_SUPPLIED MATERIAL_.
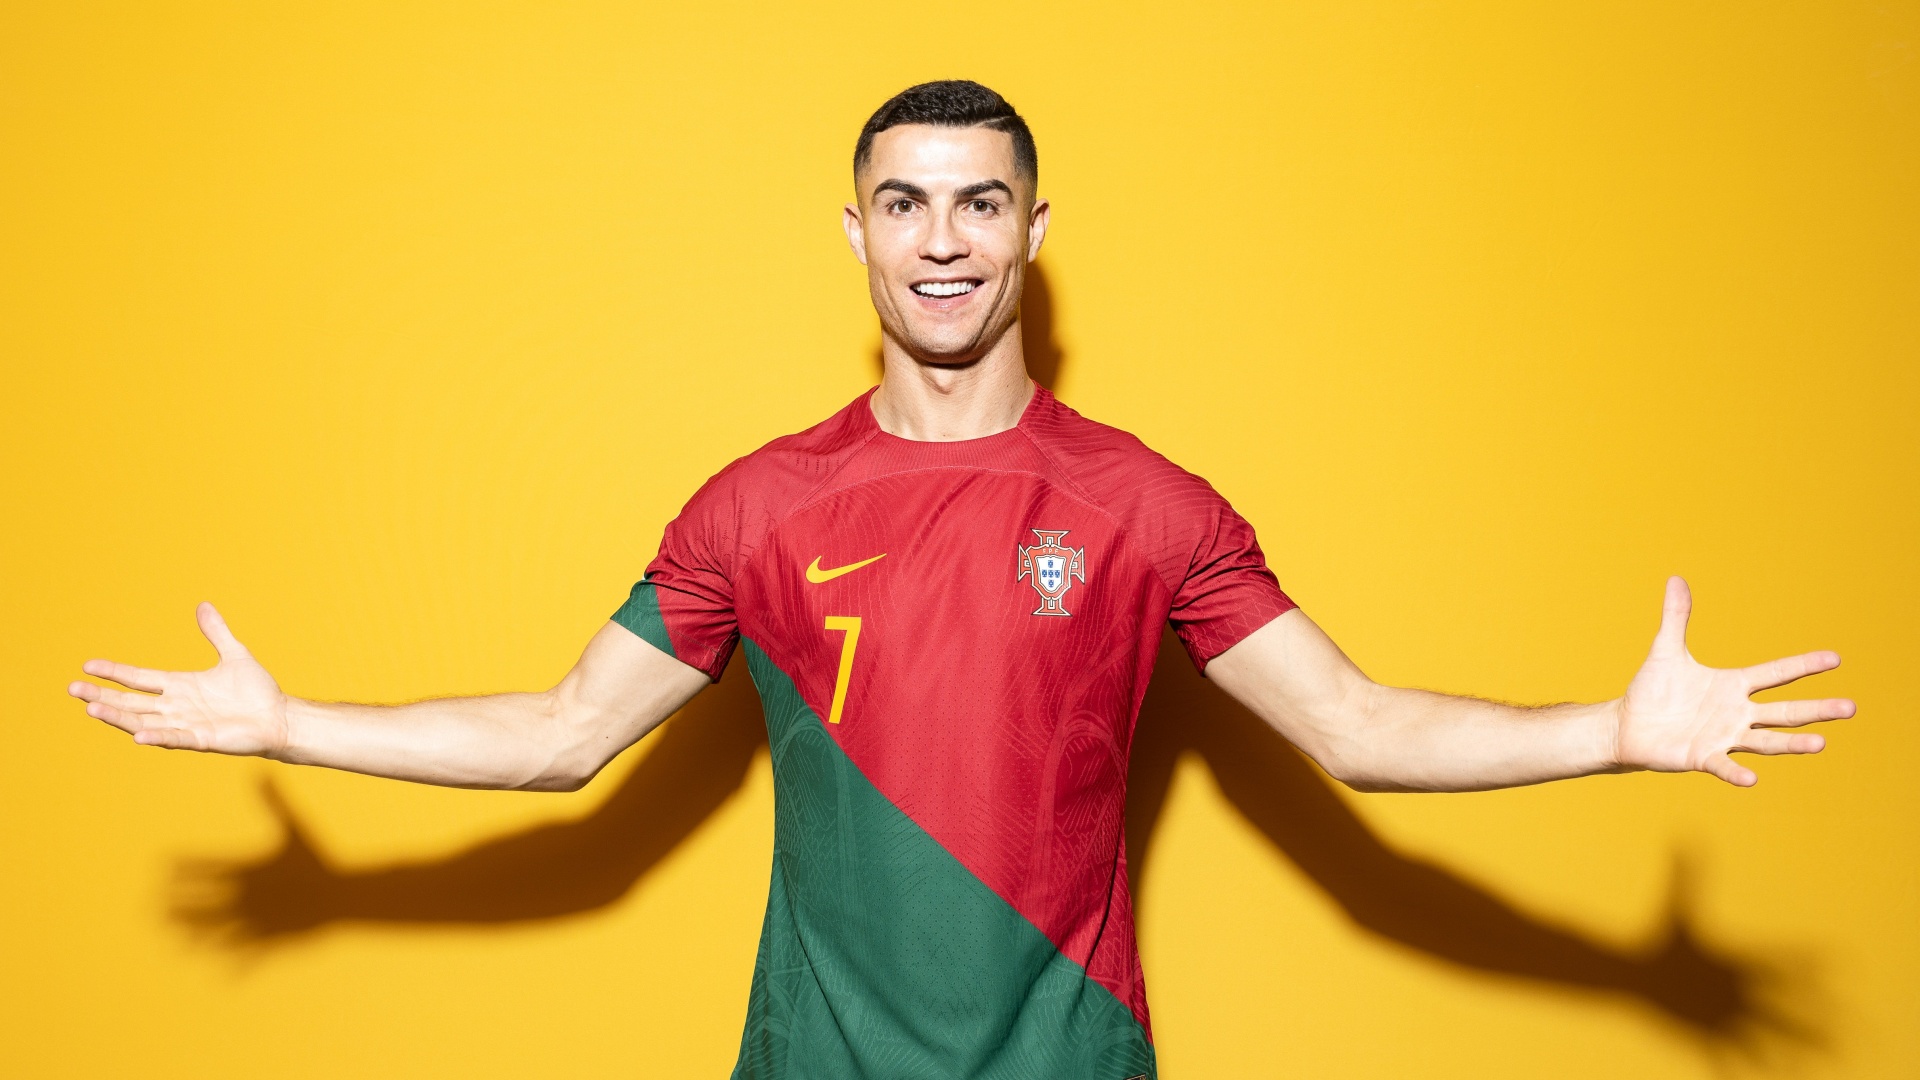 Cristiano Ronaldo, Wallpaper, 4K, Sports: Tận hưởng trọn vẹn sự mạnh mẽ và tài năng của Cristiano Ronaldo với hình nền 4K cực sắc nét. Đặt làm wallpaper và thể hiện niềm đam mê bóng đá của mình một cách hoàn hảo.
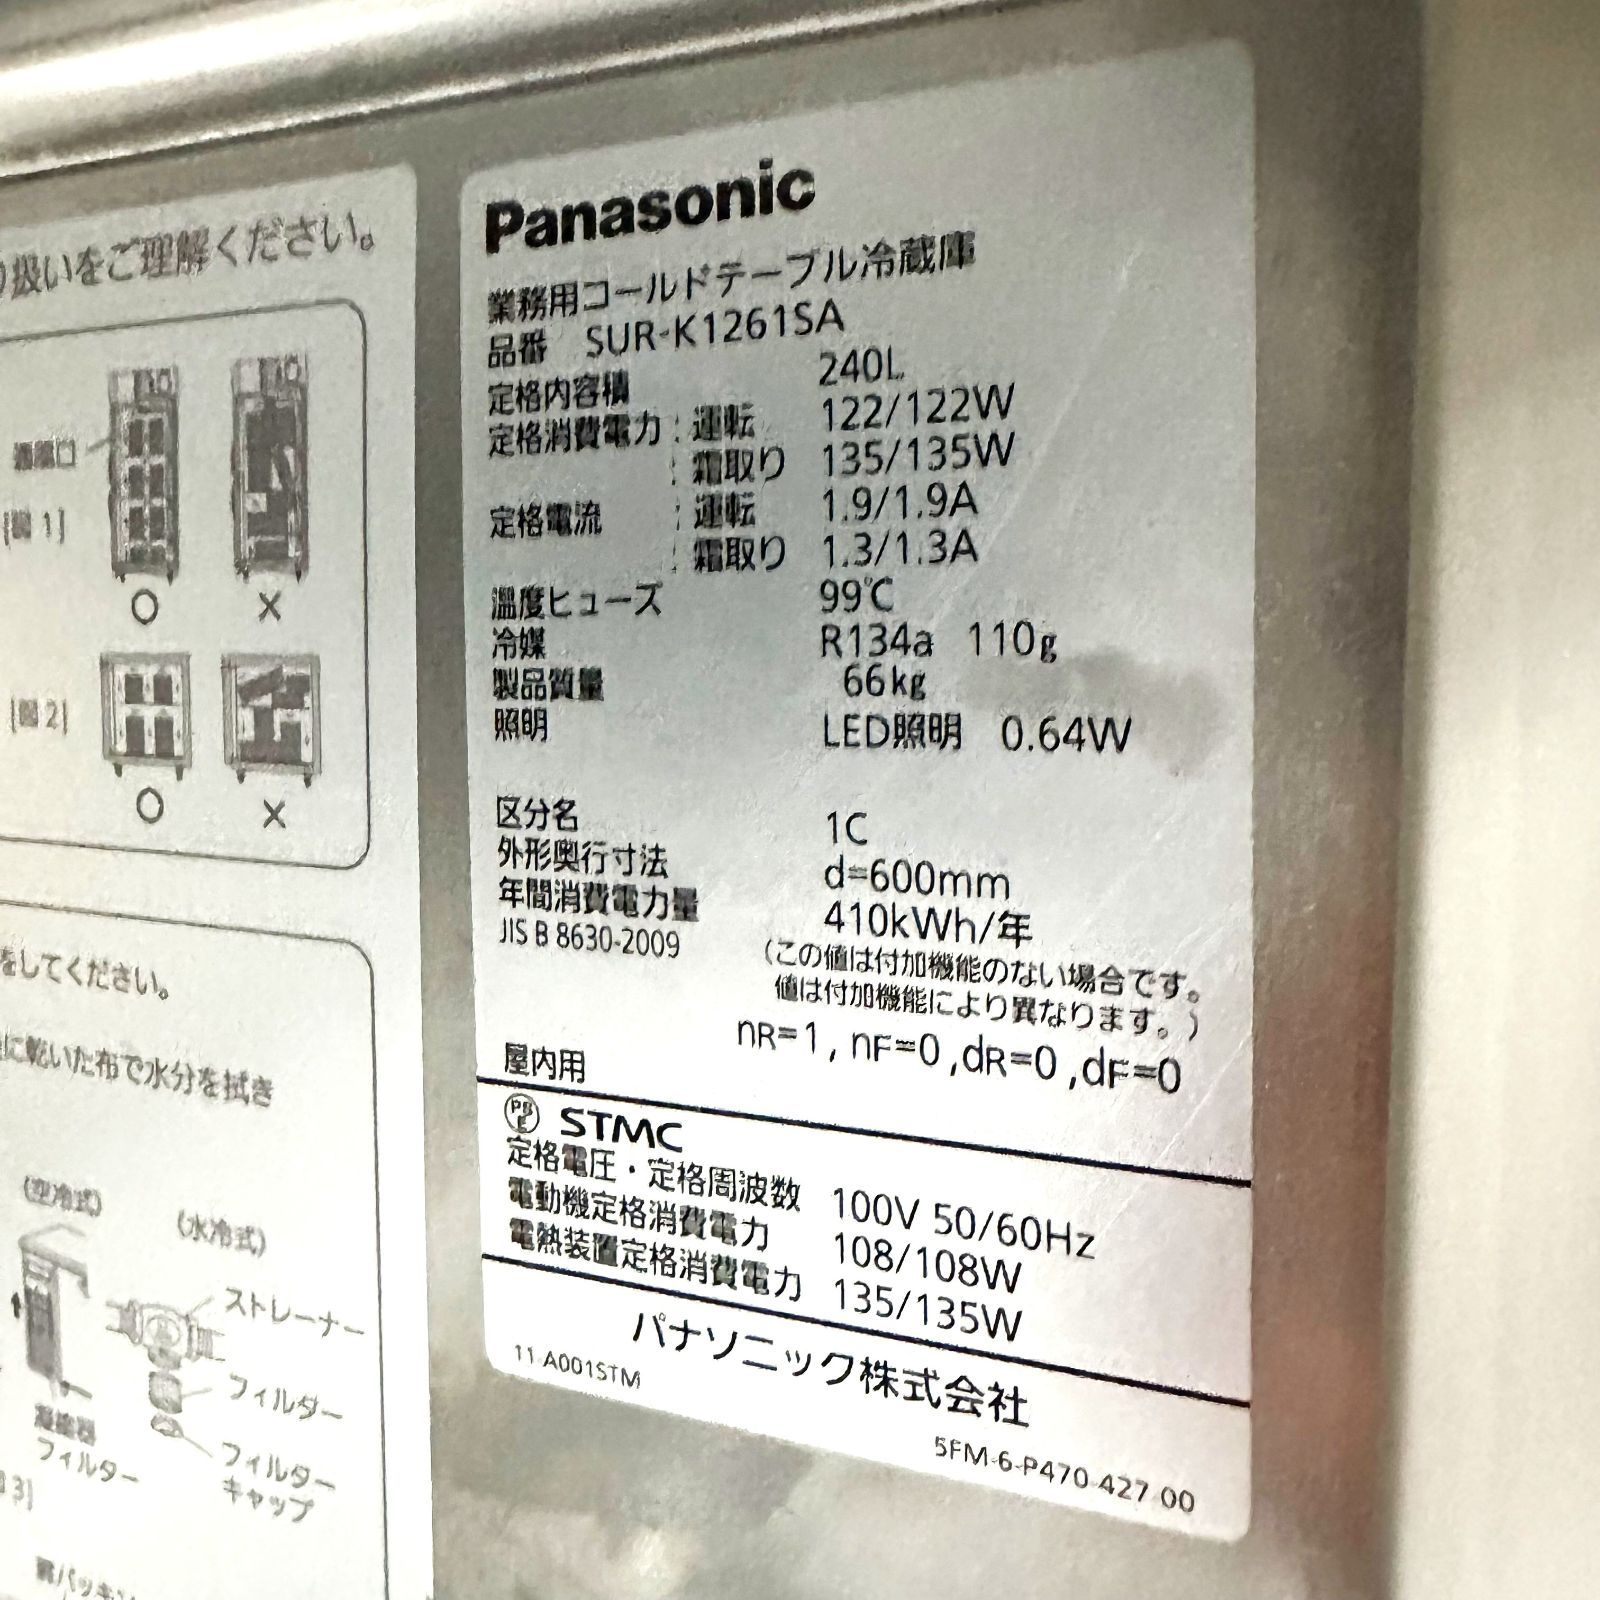 冷蔵コールドテーブル/Panasonic/SUR-K1261SA/幅1200mm×奥行600mm×高さ800mm/2020年製/定格内容積240L/ 業務用/厨房機器/冷蔵庫 Re Mark's メルカリ
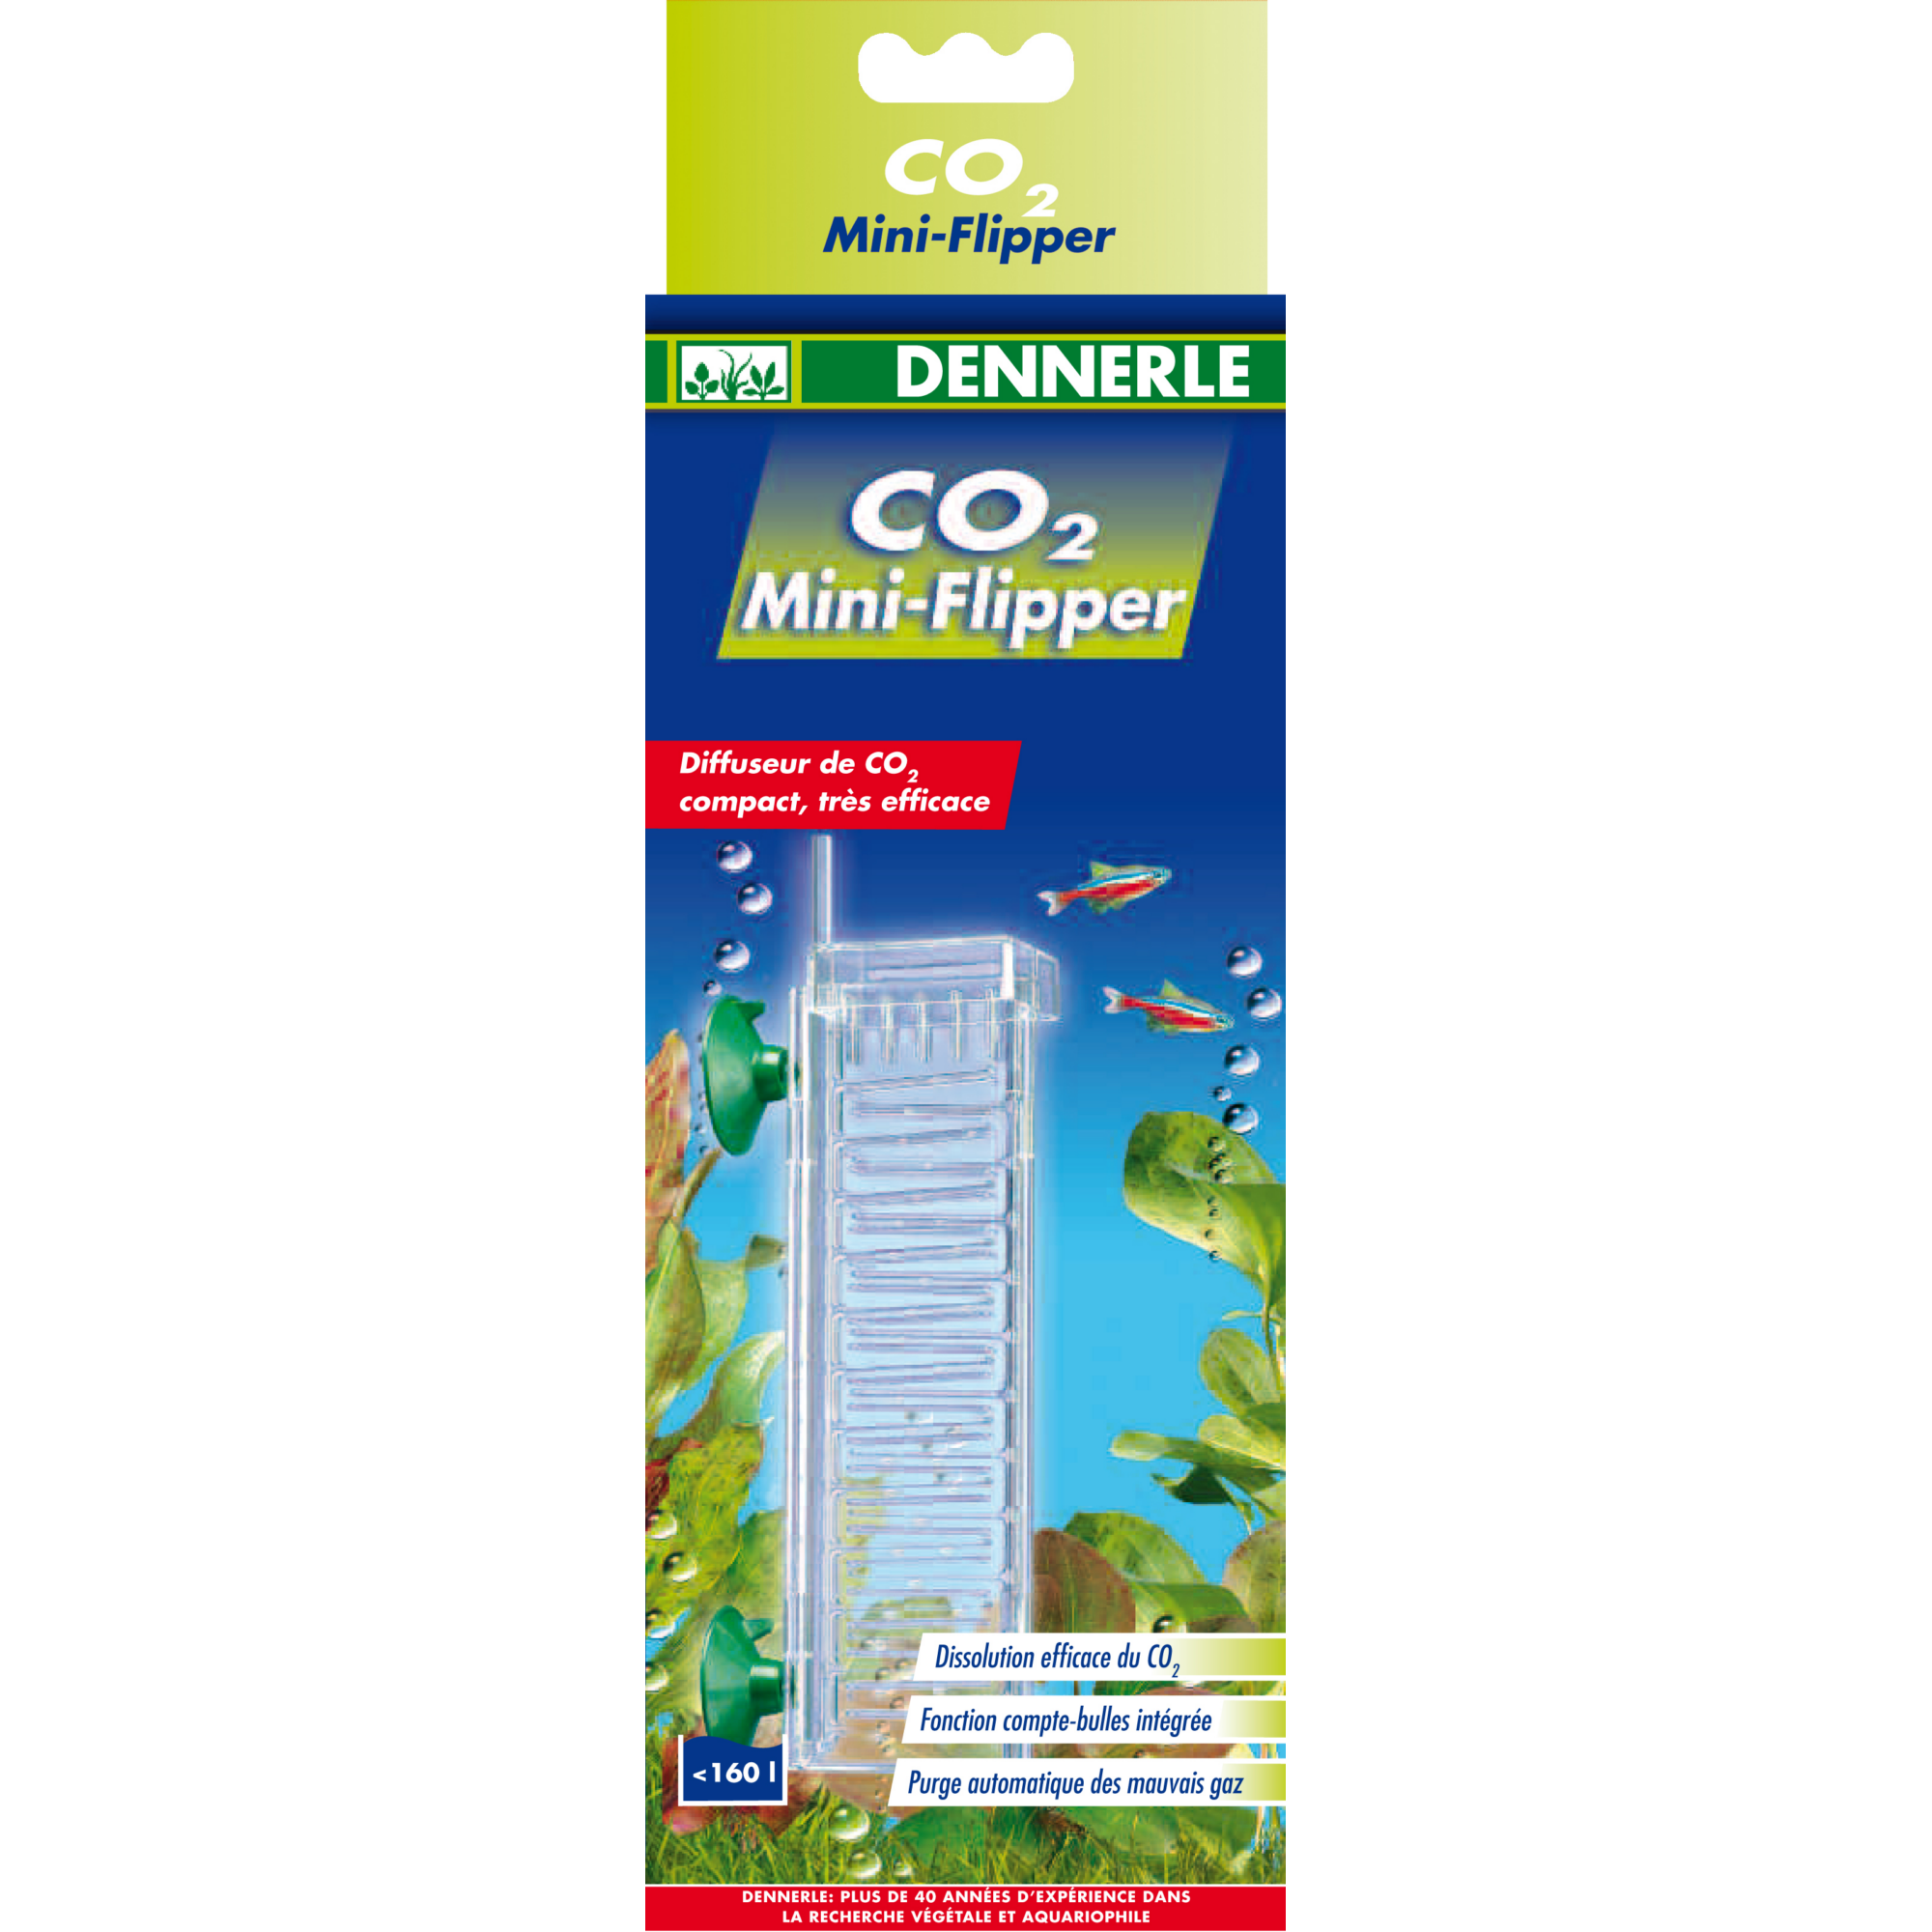 CO2 Mini-Flipper + product picture

_WHAT IS EXPECTED_.
Could you retype every line above exactly as it appears, skipping the pictures?

_RESPONSE FOR THIS EXERCISE_.
 Cristiano Ronaldo, Wallpaper, 4K, Sports: Tận hưởng trọn vẹn sự mạnh mẽ và tài năng của Cristiano Ronaldo với hình nền 4K cực sắc nét. Đặt làm wallpaper và thể hiện niềm đam mê bóng đá của mình một cách hoàn hảo.
 冷蔵コールドテーブル/Panasonic/SUR-K1261SA/幅1200mm×奥行600mm×高さ800mm/2020年製/定格内容積240L/ 業務用/厨房機器/冷蔵庫 Re Mark's メルカリ
 CO2 Mini-Flipper + product picture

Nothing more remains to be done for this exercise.